Traditional Scottish Songs
- Caller O'u - The Boatmen o' the Firth

Nowadays, there are notices on the banks of the Firth of Forth warning people not to eat any of the shellfish to be found there - industrial pollution has contaminated them with heavy metals. But in the 19th century, fresh oysters and other shellfish were plentiful and prices were low so they could be bought by everyone. This song by Dr John Gray describes how the oysters were sold by girls who carried creels of oysters round the doors. "Caller o'u" means freshly caught oysters and is reminiscent of the song "Caller Herring" by Carolina Oliphant (Lady Nairne).

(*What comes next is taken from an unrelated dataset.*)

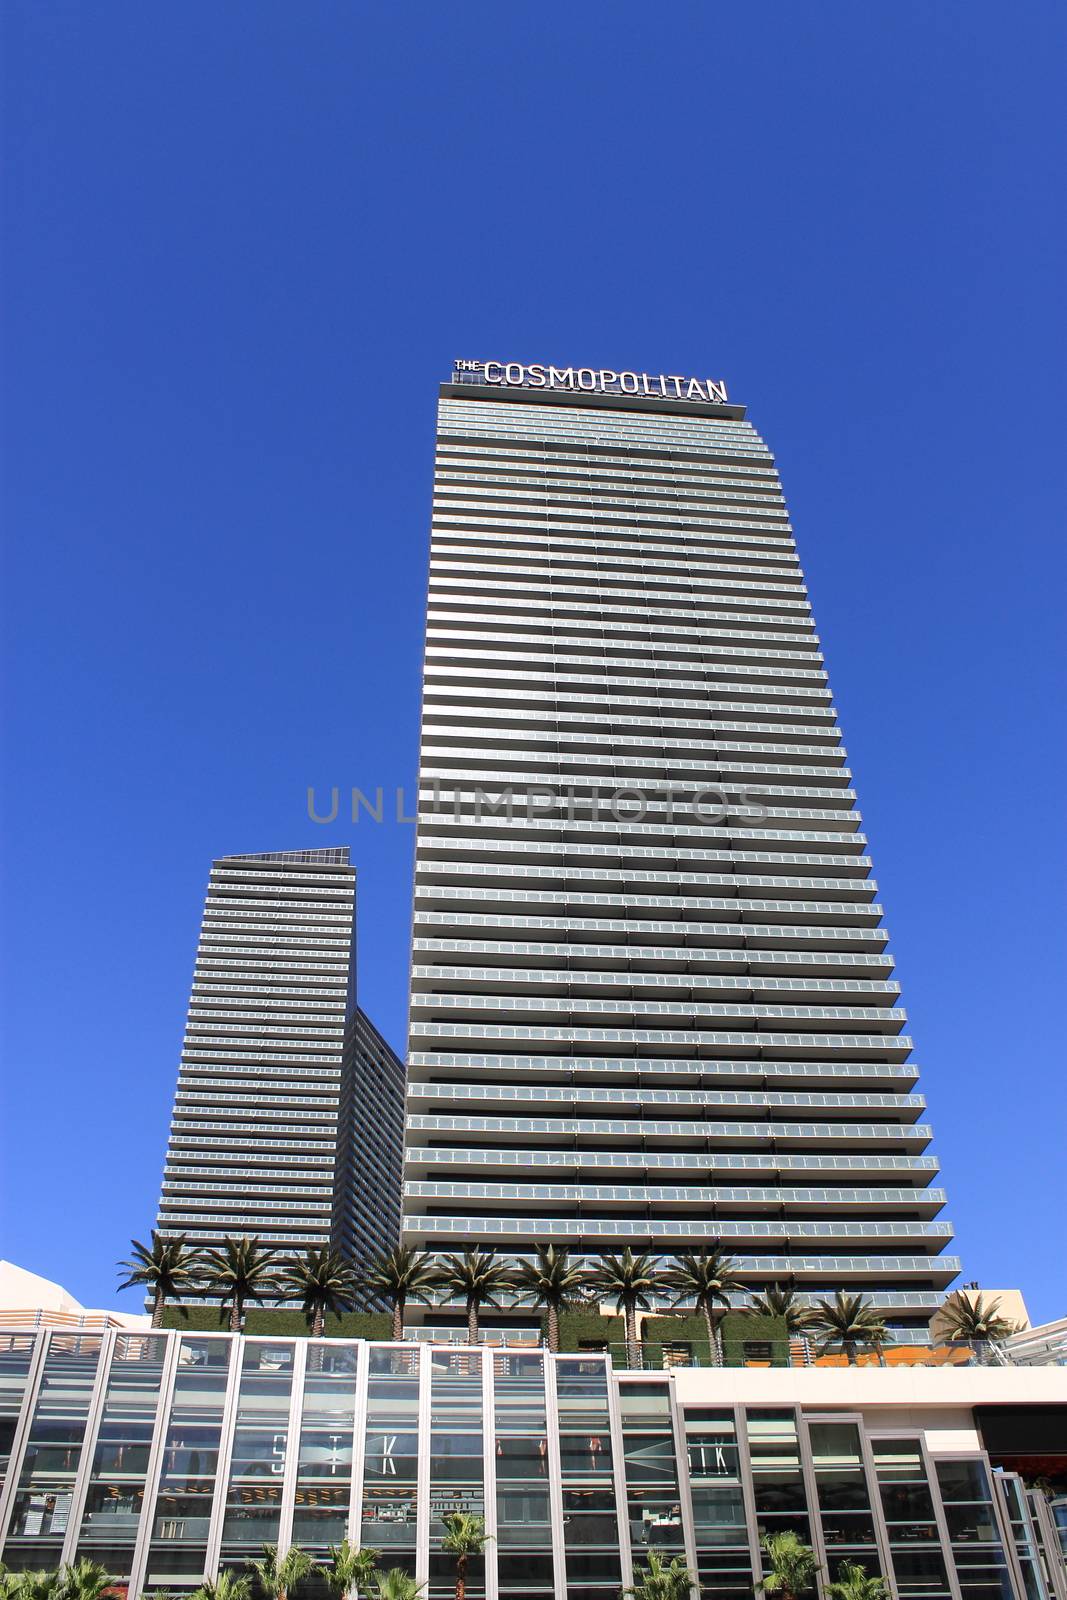 Las Vegas - Cosmopolitan Hotel by Ffooter

Caller O'u - The Boatmen o' the Firth

When winter winds howl, and the sea, rolling high,
Our boatmen sae brave all dangers defy;
Their last haul on board, they steer for the shore,
Their live cargo landed is soon at our door.

Caller o'u! Caller o'u! Caller o'u!
Frae the Forth. Caller o'u! Caller o'u!

At night round the ingle sae canty are we,
The oyster lass brings her treat frae the sea;
Wi music and sang, as time passes by,
We hear in the distance the creel-lassie's cry.


Success to the boatmen at hame and awa',
At kirk and at fair there's nane gaes sae braw;
And lead be their dames, sae blythe-some and fair;
Their voice in the ev'ning is music to hear.